遮断弁としての板状弁と、これを流路遮断状態に付勢させる第1付勢手段と、前記板状弁を流路開放状態に保持する保持部材とから、流路遮断装置が構成されており、前記保持部材をガス流路内の所定位置に位置決めして前記板状弁を保持させれば、流路遮断装置の設置が完了する。前記板状弁は、板状弁を保持しきれない非保持位置に常時付勢されているが、常温においては、位置決め手段によって、板状弁を流路開放姿勢に保持できるように設定されている。よって、ガスは流路内を上流側から下流側へ支障なく流れていくこととなる。そして、火災の発生等によりガス配管が高温に異常過熱された場合、ガス配管の周辺が過熱されると、その周壁に設けられた補助室から先に過熱されることとなる。前記補助室内には前記位置決め手段が収容されており、前記位置決め手段は設定温度で変形又は溶融可能な素材より構成されていることから、補助室の過熱によって前記位置決め手段が変形又は融解し、第2付勢手段の付勢力を阻止する力が喪失される。
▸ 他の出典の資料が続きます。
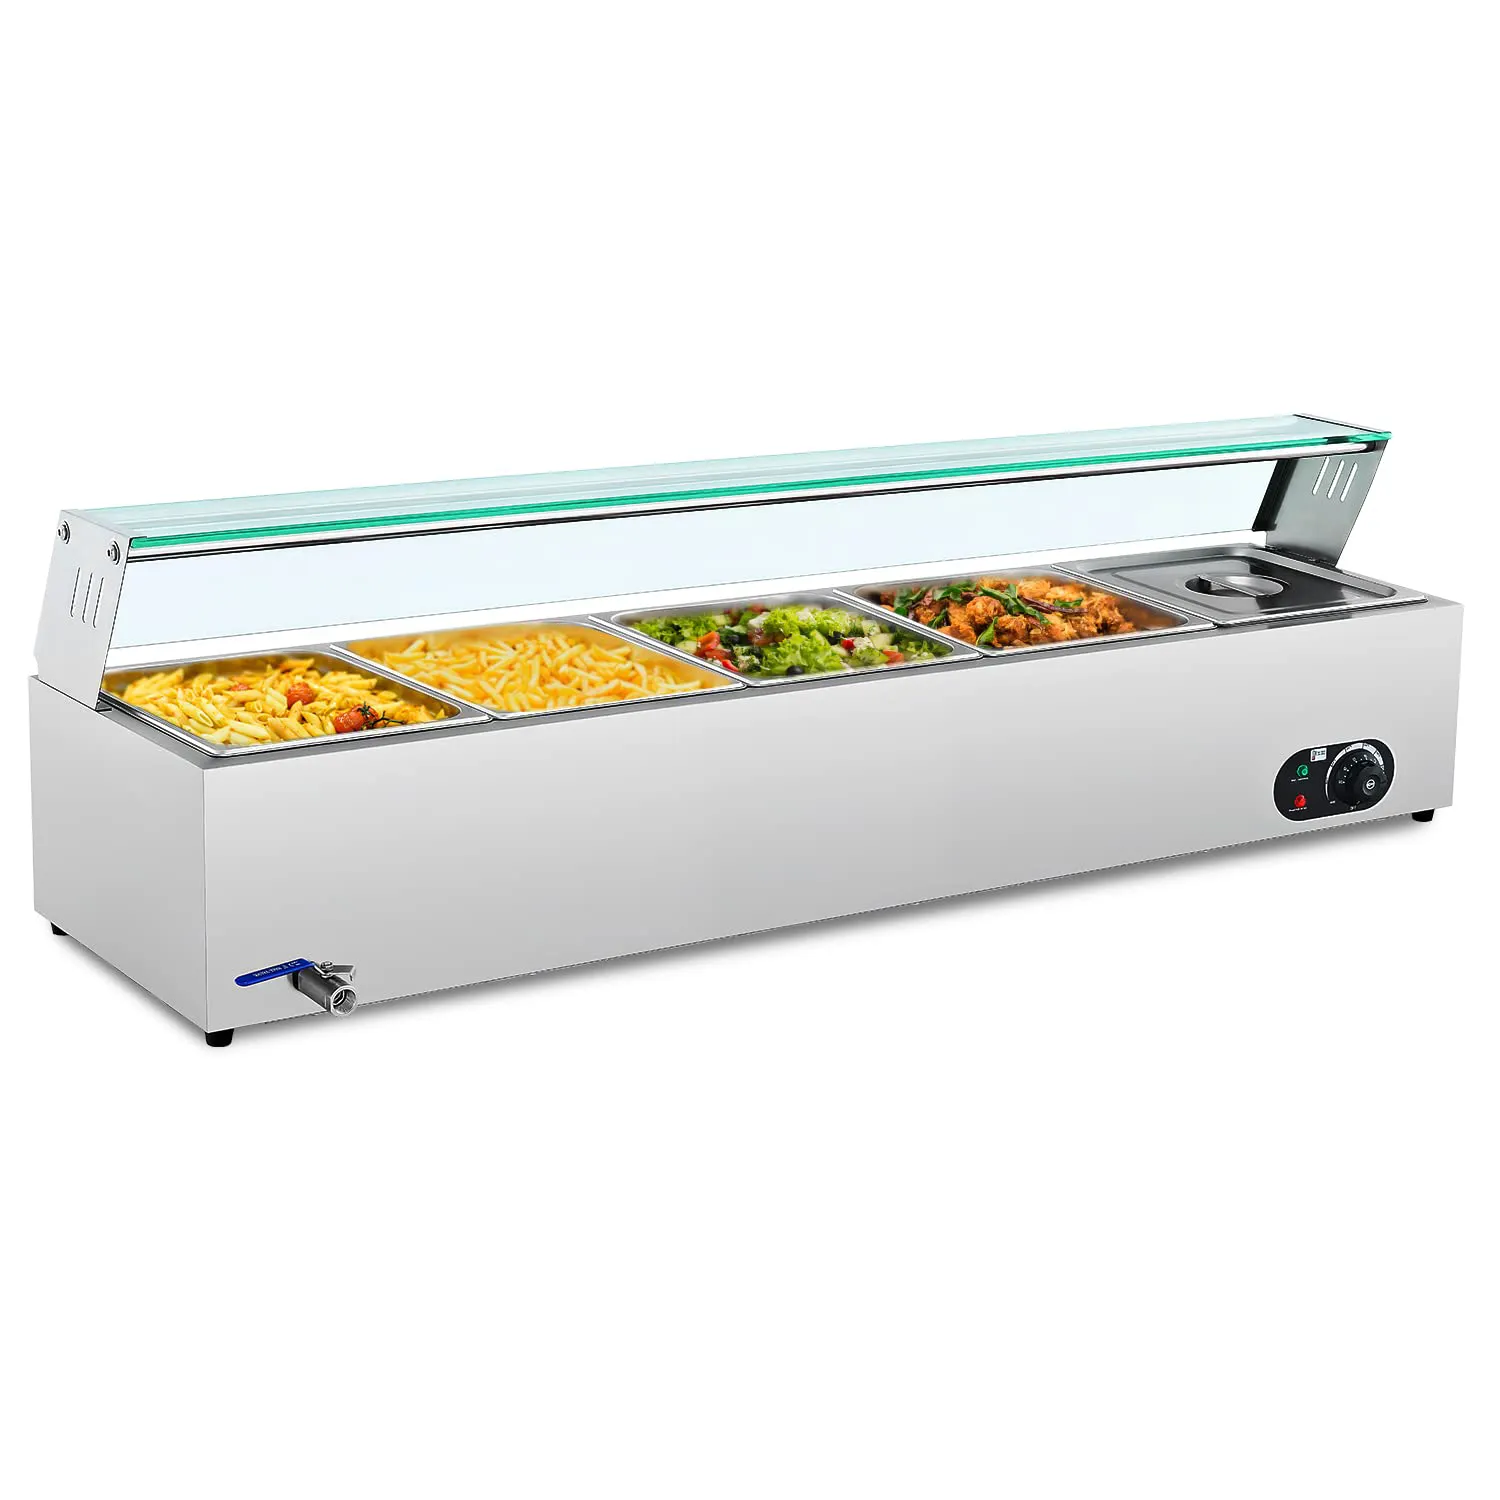 Electric Bain Marie Food Warmer Display with Glass Stainless Steel Bain Marie Counter Steam Table Buffet Equipmentfor Catering

前記位置決め手段による位置決め力が喪失すると、前記保持部材は、前記第2付勢手段の付勢力によって、板状弁を流路開放姿勢に保持できない非保持位置へ付勢されてしまう。これにより、前記板状弁は前記第1付勢手段の付勢力によって流路遮断状態に付勢される。このとき、前記板状弁は、前記非保持位置にある前記保持部材の側方に設けられている環状リブに対接することにより、前記環状リブは弁シートとして機能することとなり、板状弁は確実に前記流路遮断状態に維持されることとなる。
【0009】
そして、前記保持部材は、前記板状弁を保持する第1保持部と、前記第1保持部に対して相対移動阻止状態に直交し且つ一端が前記主配管を貫通して前記補助室内に挿入されている第2保持部とからなり、前記第2保持部は前記第2付勢手段の付勢力によって前記補助室への挿入方向に付勢されると共に、前記第2保持部の前記一端とそれに対向する前記補助室の閉塞端面との間に前記位置決め手段が介在されているので、補助室内には、第2保持部の一端及びその近傍部分と、前記第2保持部の一端と補助室の閉塞端面との間に介在されるように設けられた位置決め手段とが収容されている。補助室が異常過熱された場合、前記閉塞端面から前記位置決め手段に熱が速やかに伝導することとなり、位置決め手段を迅速に溶融又は変形させることができる。
【0010】
*2項
1項において、『前記補助室内における前記位置決め手段の内方又は外方に所定の空間部が形成されている』ものでは、位置決め手段のうち、過熱によって変形又は溶融させられた部分は、その内方又は外方に設けられた空間部で受けることができる。
【0011】
*3項
1項又は2項の各項において、『前記補助室は、前記主配管の外周壁から外方に突出するように設けられている』ものでは、配管外周域における異常過熱状態を最も速く感知することができる。
【0012】
*4項
また、本発明の技術的手段は、『異常過熱時にガス流路を遮断させる流路遮断装置において、
前記ガス流路を遮断可能な大きさ形状に形成された板状弁と、前記板状弁を流路遮断方向に付勢する第1付勢手段と、前記第1付勢手段の付勢力に抗して前記板状弁を流路方向に対して前記板状弁の弁軸を約90度回転させた流路開放姿勢に保持可能な保持部材とからなり、
前記板状弁の保持状態が解除される非保持位置へ前記保持部材を付勢する第2付勢手段が設けられていると共に、
前記第2付勢手段の付勢力に抗して前記保持部材を前記板状弁の前記保持状態が維持されるように位置決めする位置決め手段が設けられ、
前記ガス流路を構成している主配管の内周壁のうち、前記第2付勢手段によって前記非保持位置へ付勢された状態の前記保持部材の側方に、前記第1付勢手段によって前記流路遮断方向に付勢された前記板状弁が対接する環状リブが突設され、
前記主配管の周壁に形成された貫通孔の周囲を囲むようにして前記ガス流路に連通し且つ外方気密状態に閉塞された補助室が設けられると共に、前記補助室内に前記位置決め手段が収容され、
前記位置決め手段は設定温度で変形又は溶融可能な素材より構成され、
前記第1付勢手段はコイルバネとし、前記板状弁は、前記コイルバネの両端にそれぞれ相互に対向姿勢に配設されると共に、その対向面の中心に前記コイルバネの両端がそれぞれ接続されるものとし、
前記板状弁は、前記コイルバネを伸張させることにより、前記対向面相互が同方向を向く前記流路開放姿勢に設定されると共に、前記姿勢は、前記保持部材によって保持されるように設定されている』ことである。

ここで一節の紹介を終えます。